Prohibition played itself out similarly. At first, there was some vocal support to insist the public remain proper, healthy, and alcohol-free. But there was a minority who was willing to be arrested, killed even, to continue making and smuggling booze. And then they got creative while evading the rules and regulations and some of them started having fun. So they fashioned Speakeasies and Nascar and the normies got curious. Once it became common public knowledge and the politicians started patronizing underground establishments, the risk of death by unregulated booze became bigger than the benefit of righteous indignation and just like that, prohibition ended.
Eventually, even those who like hiding behind their masks to avoid revealing who they really are, will step through the Speakeasy door. The media is already pivoting after stories of Flurona and Deltacron were met with raised eyebrows. The courts are bringing some sanity back and ordering Pfizer to drop its data by March 1st. Walensky came out to say death rates will be adjusted to reflect “with” Covid instead of “from” Covid, something the CDC incompetently failed to do for the last two years. Fauci, pardon, The Science™ might get thrown under the bus while its wheels are coming off, but for the most part, the political theatre of Covid is coming to an end. The war on virus will go down the same way as the war on drugs and the war on terror. The shift will happen when we are ready for our reality to change.
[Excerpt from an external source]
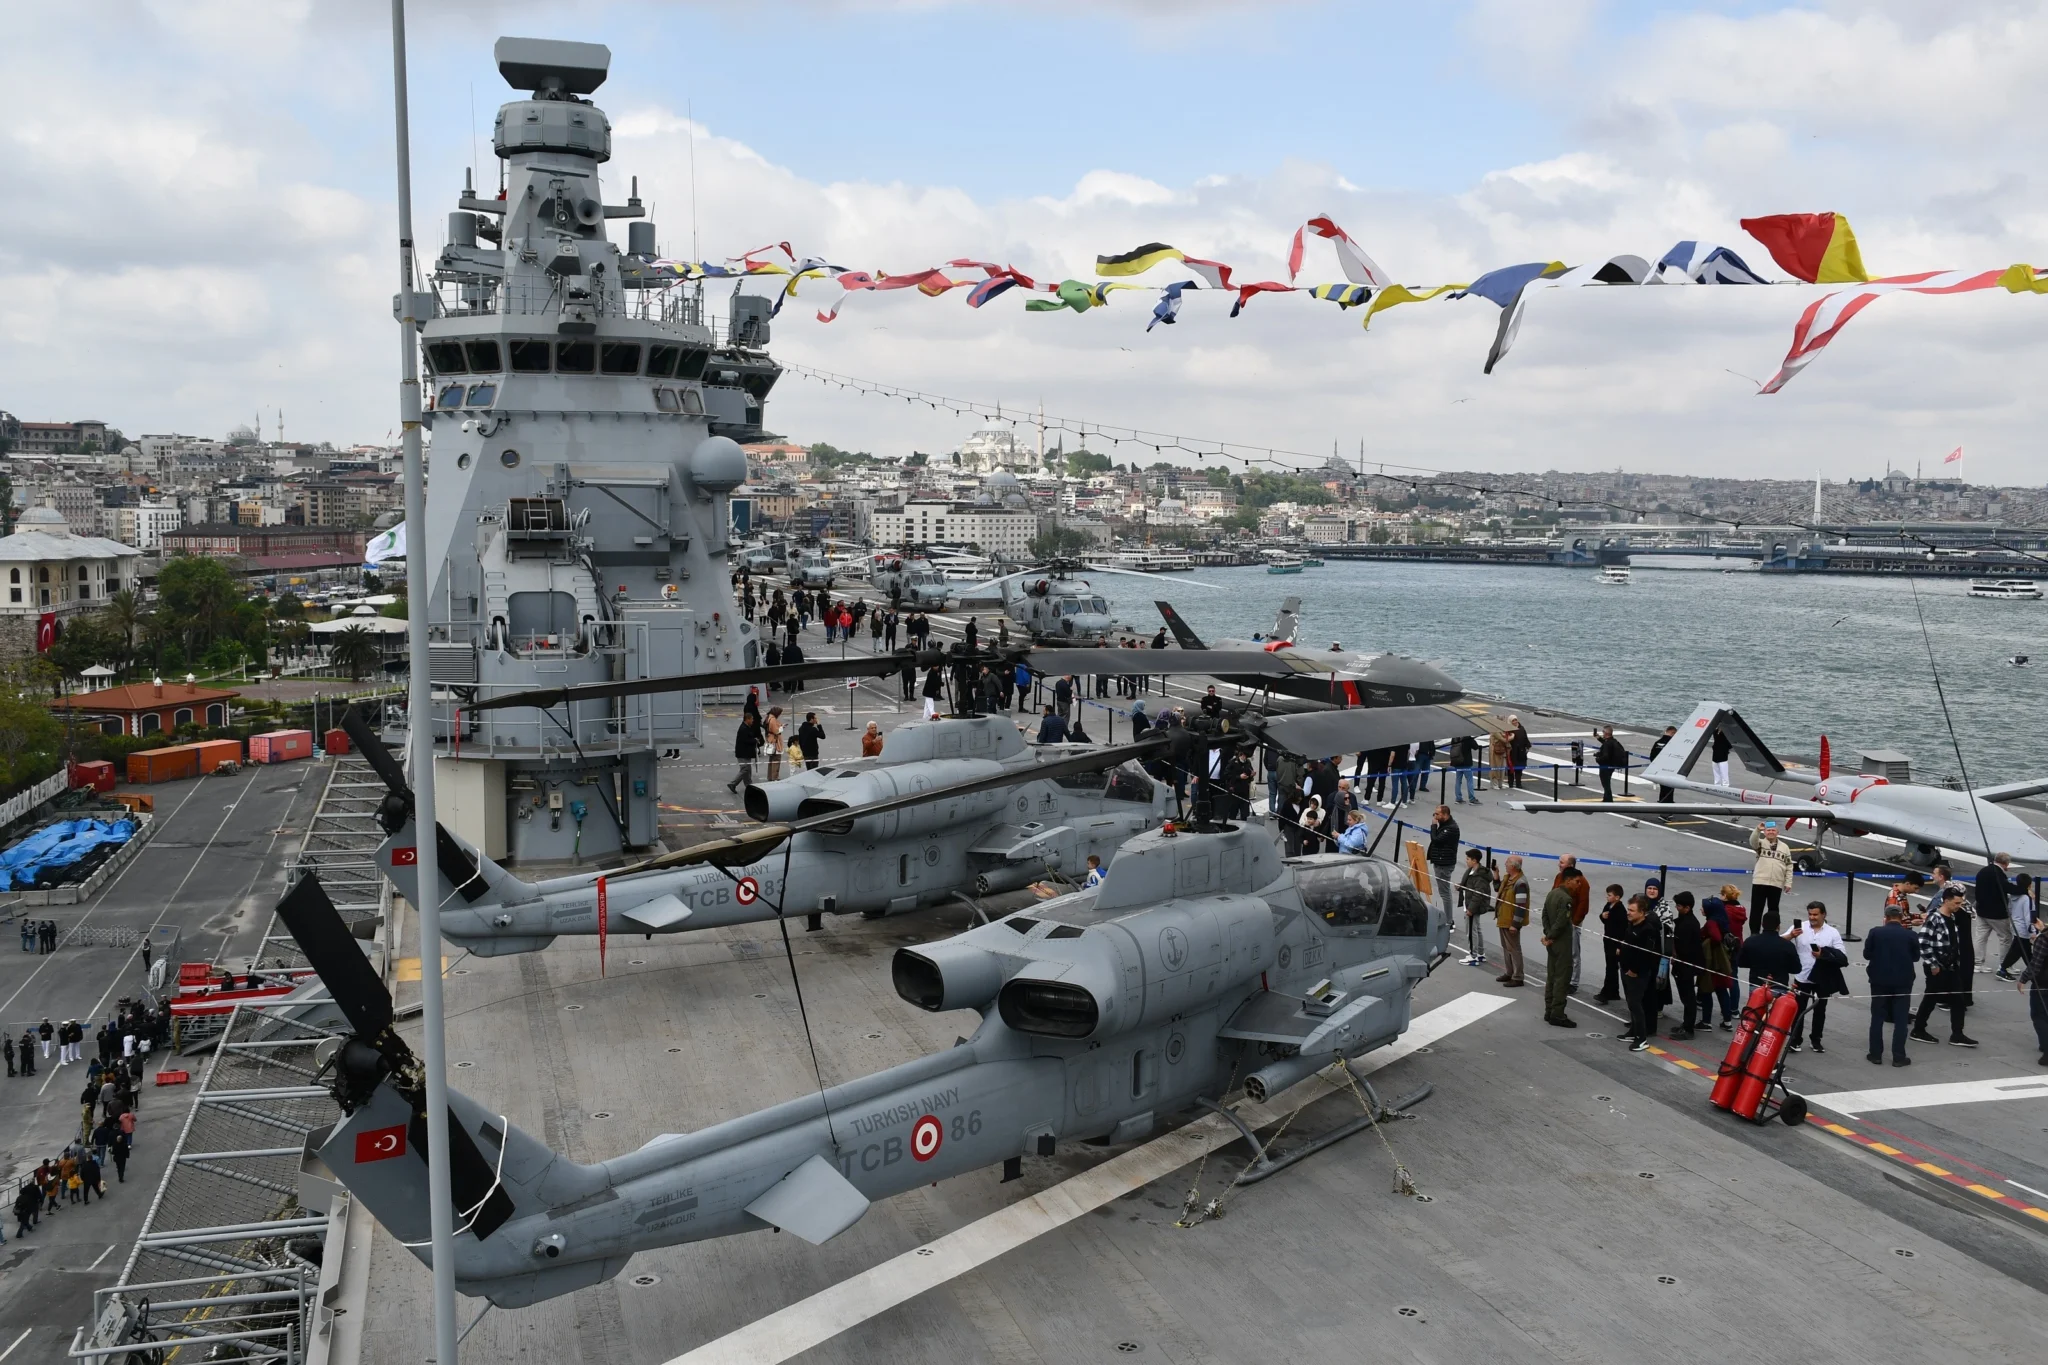 Sadece 6 gün içinde, dünyanın ilk SİHA'sı ve Türkiye'nin en büyük askeri gemisi olan TCG Anadolu, toplamda 40 bin 324 kişi tarafından ziyaret edildi.

“The 'Messiah' character is often used to signal, or represent, the emergence of a new way of engaging that reality - a new age - and the destruction or obsolescence of the old.”
-John Vallis
The ‘Messiahs’ are growing in numbers. When the day the curtain falls on this particular pandemic, (and yes, there will be others, if not pandemics, emergencies, as John Waters acknowledges: “The ‘pandemic’ is a charade to camouflage the takedown of the economic system and its replacement by a totalitarian economics of perpetual emergency.”) don’t reach for the pitchforks and don’t sharpen the guillotines. No need to grind the axe, even for the heads of those who lied to you. Someone had to play the role of the bully; the psychopath, too, has a place in society as the catalyst for conscious evolution. The psychopath, too, is living out its trauma: the insatiable appetite to be in control of an untamable Universe. Besides, the psychopaths are dying. To do the killing ourselves is to keep existing in a reality where violence is the only answer. We are all guilty as we are all capable. Instead, let us reclaim our empathy even if we have to look outside of the Hallmark card isle. I promise you, it’ll be worth it. So, I leave you with this social experiment question: If you had the opportunity to prevent the deaths of million by smothering Hitler as a baby, would you? If you know for sure that someone would be responsible for humanity’s worst nightmares, would you end that person’s life? It is the metaphysical inquiry of our civilization. Feel free to tell me (off) in the comments.
It's always fascinating for me to hear individual accounts of moving from acceptance to skepticism. As a big time fan of quotes you have a few from the favorites list and this one new to me extra hugs for this.. so true and so seldom noted among the blue check Zoomers! :~)
"If you’re locking down but surviving doing so with meal delivery apps, online shopping, and delivery groceries, you’re not reducing risk, you’re just imposing it on other people."
-Freddie de Boer
"Canada blink twice if you need us to start building underground railroads." <----- Belly laugh moment for me. I enjoyed the entire essay, but the belly laugh was sorely needed.